Ce film dont le titre anglais est Shaman never die s'ajoute aux multiples documents que l'année du 500e anniversaire de Colomb voit paraître. Par moment accusateur - sur la question des écoles de résidence, creuset de déculturation, il fustige les excès commis par le «Département des sauvages» (sic) - ce documentaire me semble surtout être un monument à la survivance et au dynamisme des autochtones, à leur faculté de demeurer fidèles à la pensée de leurs aïeux tout en embrassant une modernité rendue d'une manière chatoyante.

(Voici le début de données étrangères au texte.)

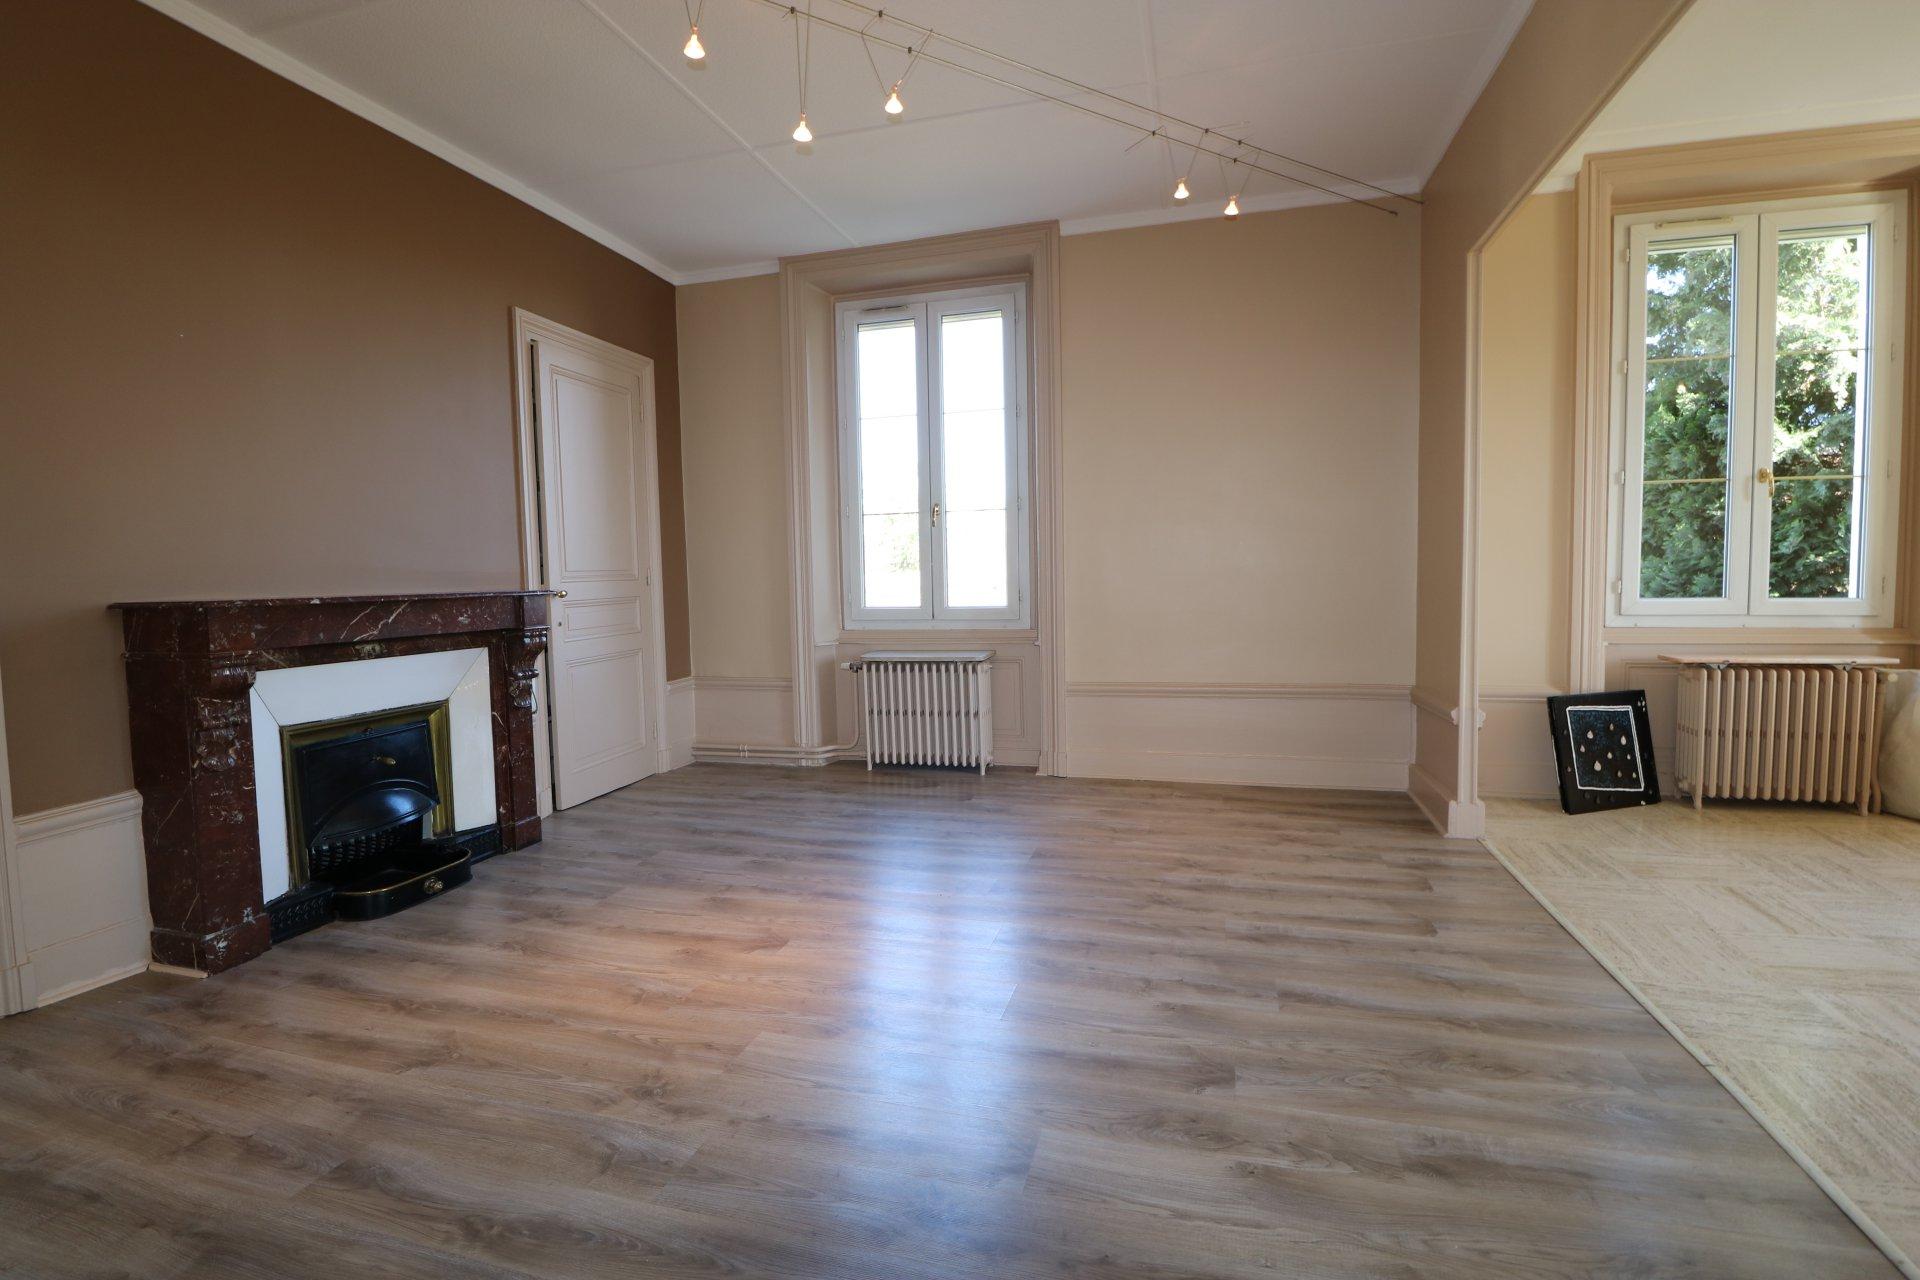 Maison bourgeoise 340 m2 habitables
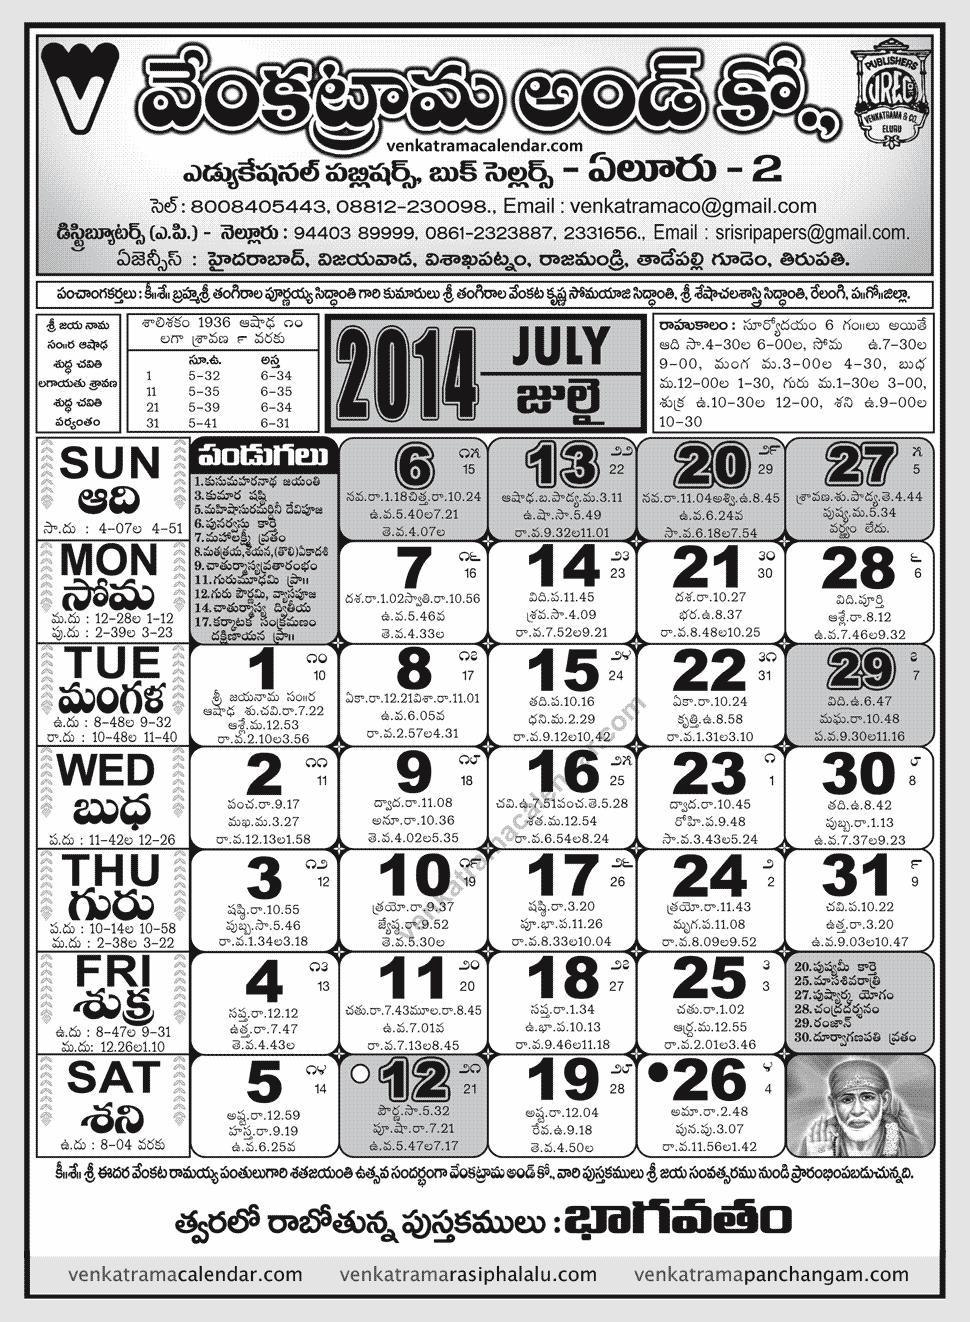 July 2014: Venkatrama & Co Calendar 2014: July 2014 Telugu Calendar

Robert Houle, ancien conservateur de collection amérindienne, pose très bien le dilemme d'un accès au moderne qui ne doit pas gommer la spécificité, l'«uniqueness» des artistes autochtones. Le Déné Alex Janvier se dit d'ailleurs persuadé que «le nouveau sentier sera le même que celui qu'avaient emprunté les anciens».

Pour ce qui est des manifestations artistiques d'Amérindiens au Québec, Arthur Lamothe a su capter la force de certains des sculpteurs et peintres présents à un symposium tenu à Kahnawakhe en 1991 - particulièrement celle de Steve McComber (Iroquois). Il est allé aussi recueillir dans leurs ateliers les propos des Montagnais Diane Robertson et Thomas Siméon, de l'Algonquin Edmond Vincent, etc. tout en mettant à profit le succès que remporte le duo Kashtin (Tornade) partout où il se produit.

Voir L'écho des songes, c'est se rendre compte à quel point le créateur est celui qui exprime ses rêves et qui sait capter ceux des autres. Lamothe s'est appuyé sur une recherche réalisée en 1985 pour ce film qui, sauf erreur, est le premier documentaire consacré aux courants contemporains chez les artistes autochtones. Pour une exposition au Musée de l'Homme, à Paris, on a déjà produit un film entier sur Bill Reid, mais ce film récent demeure l'un des rares à vouloir présenter une vision d'ensemble d'artistes qui nous renvoient à la Mère Terre sans recours à l'exotisme.